3) Top with almonds and serve with vinaigrette. A good accompaniment to a light meal like a soup.

Monday, 22 July 2013

Chickpea, canellini and broccoli bake

Whipped this one up tonight and it was crunchy and delicious! 8/10.

Ingredients:
1 small onion, diced
1 tsp crushed garlic
1 head of broccoli
1 can  garlic and basil flavoured chopped tomatoes
1 can chickpeas, drained
1 can canellini beans, drained
2 slices bread
1/2 grated cheese

Method:
1) Preheat oven to 190 degrees.
2) Heat oil in a frying pan, add onion and garlic and fry until it starts to brown.
3) Add onion and garlic mix and all ingredients apart from bread and cheese to oven safe dish and stir together. Chop bread into small pieces or process into breadcrumbs and sprinkle over the top. Spread cheese over and bake for 40 mins or until bread is crispy and cheese is golden.
4) Serve by itself or with a green salad.

Monday, 15 July 2013

Roasted Vegetable Bisque

We're in the exact middle of winter today - July 15 - so I thought a nice, warming soup recipe would be appropriate! This is very versatile; any type of root vegetable can be substituted and it takes minimal effort to pull together. Although the original recipe calls for the veges to be peeled, I find it works fine to leave the skins on. 10/10

Ingredients:
1 Tbsp olive oil
1 large sweet potato,  chopped into 1″ cubes
1 parsnip, peeled and diced
2 carrots, peeled and diced
1 cup coconut milk
4 cups vegetable stock
1 tsp dried mixed herbs
1/4 tsp cayenne pepper
1 tbsp rice malt syrup (can substitute maple syrup, golden syrup, etc.)
Directions:
Preheat oven to 200 degrees.
Place a piece of baking paper on a baking sheet, add oil and toss vegetables through before settling in a single layer. Roast veges in oven until tender, approx. 30-40 mins.
When all veges have finished roasting, remove from oven and very carefully transfer to a high-speed blender. Add the coconut milk, stock, thyme, rosemary, maple syrup, cayenne pepper and salt. Place the top tight on the blender and process soup until very, very smooth and velvety. If you don’t have a good blender, try either an immersion blender or a food processor.
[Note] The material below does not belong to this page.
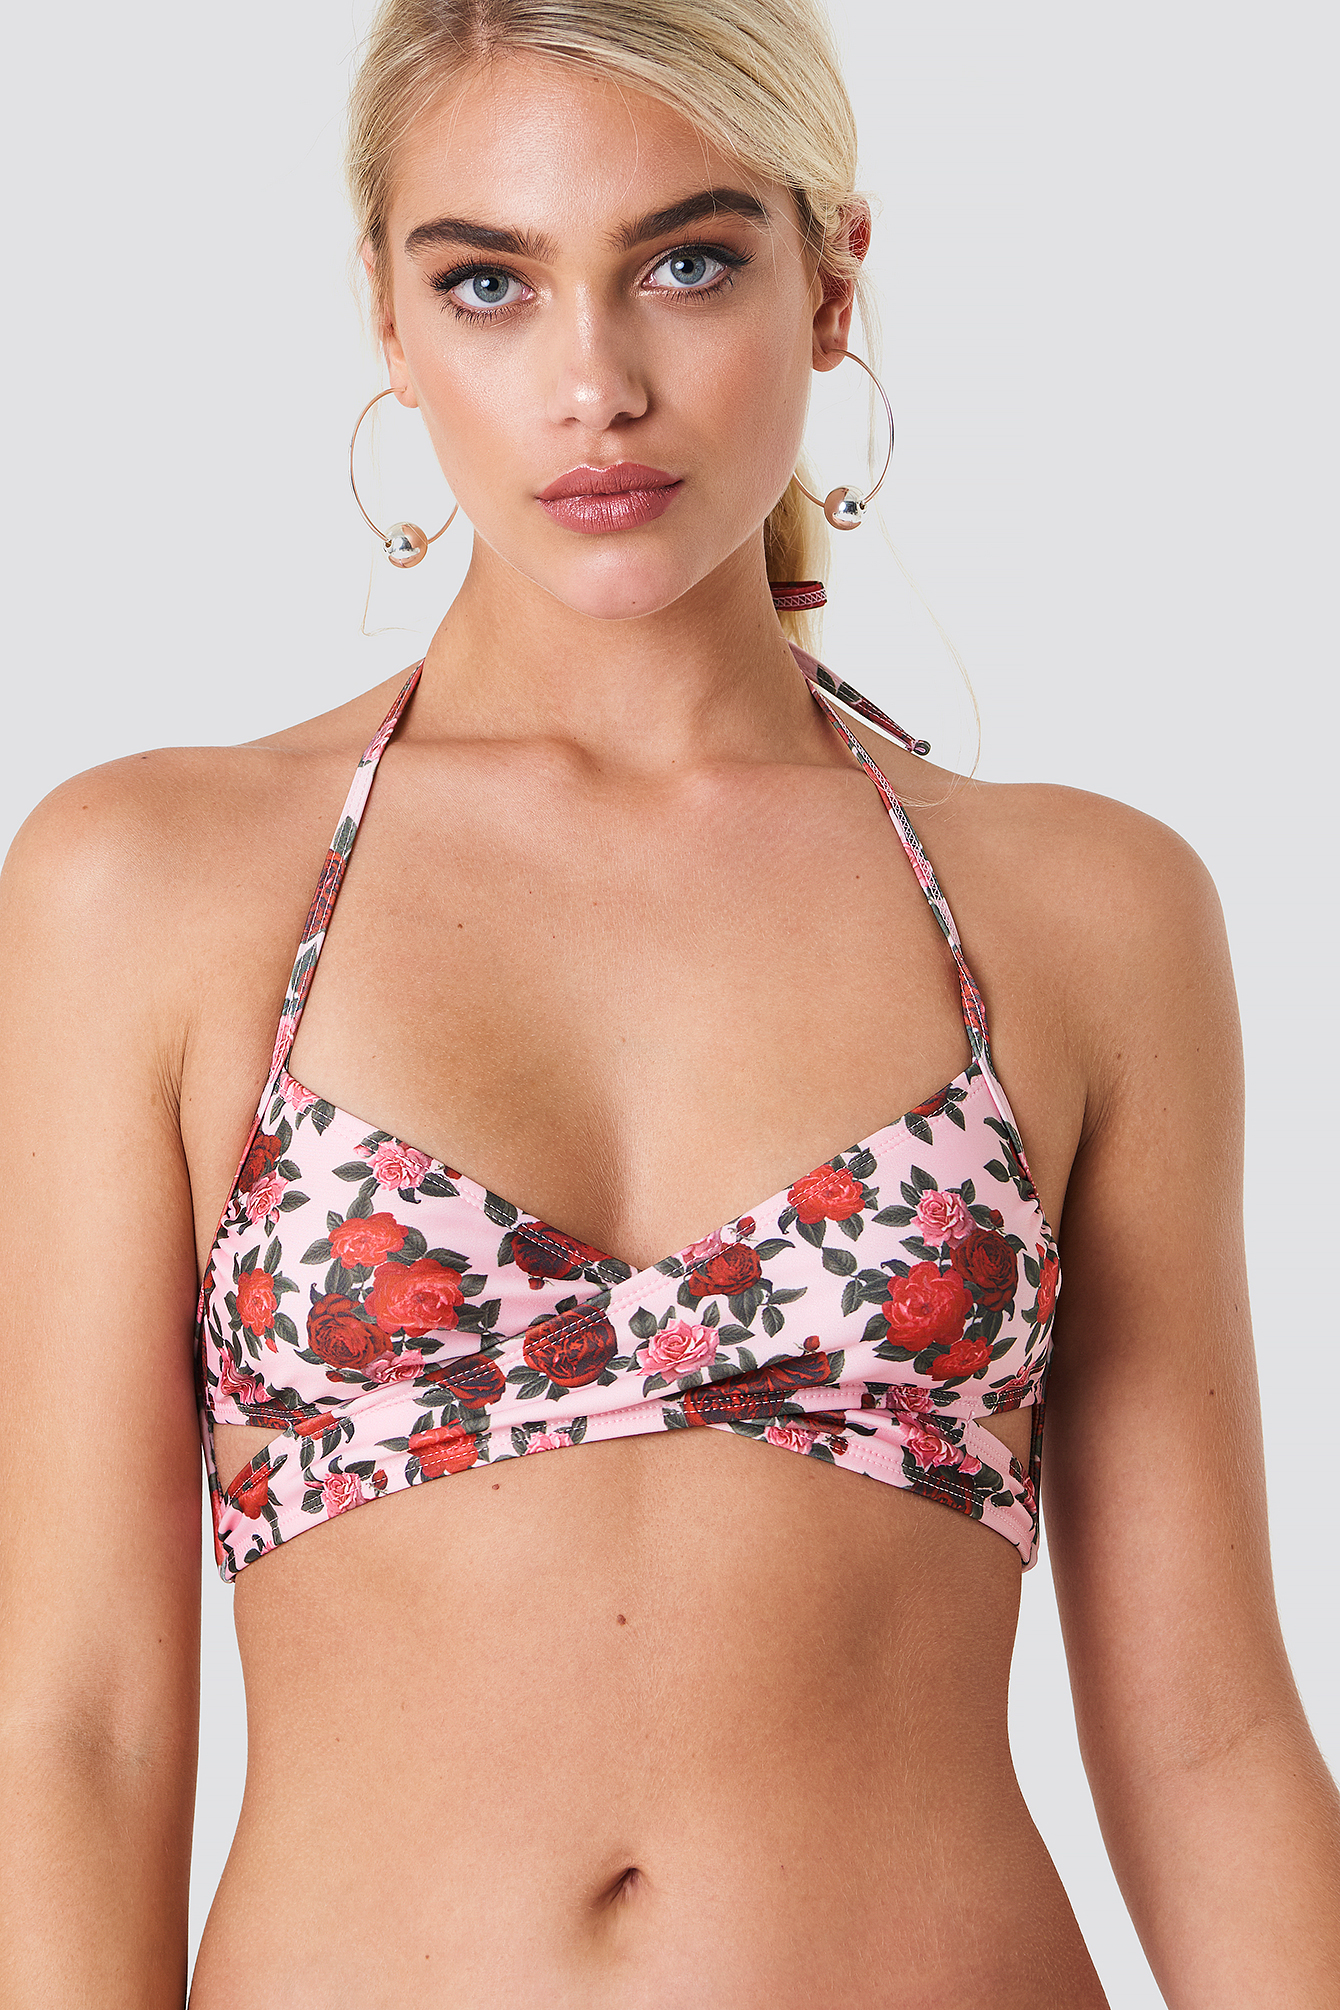 Damen Bekleidung Bademode und Strandmode Bikinis und Badeanzüge NA-KD Synthetik Swimwear Cross-front-Bikini-Top in Pink

This can be done in batches if you, like me, only have a wee little blender that holds about 4 cups total!
Serve with warm, crusty bread.
I haven't tried freezing it but it keeps for a week in the fridge.

Wednesday, 22 May 2013

Zucchini ricotta slice

Ingredients:
400g (approx. 2 whole) zucchinis
1 Tbsp oil
1 onion
1 tsp crushed garlic

4 eggs
3 Tbsp ricotta cheese
3 Tbsp parmesan
1/2 c self-raising flour

1 tsp thyme
salt and pepper to taste
1 punnet cherry tomatoes

Method:
1) Preheat oven to 180 degrees and grease a baking tray or line it with baking paper.
2) Heat oil in pan and cook onion and garlic until onion softens.
3) Whisk eggs lightly in a bowl, grate zucchinis and add. Mix in onion, garlic and all other ingredients except tomatoes and pour into baking tray, speading evenly. Scatter tomatoes across the top of the batter.
4) Bake for 30 mins, until golden brown. Serve hot or cold.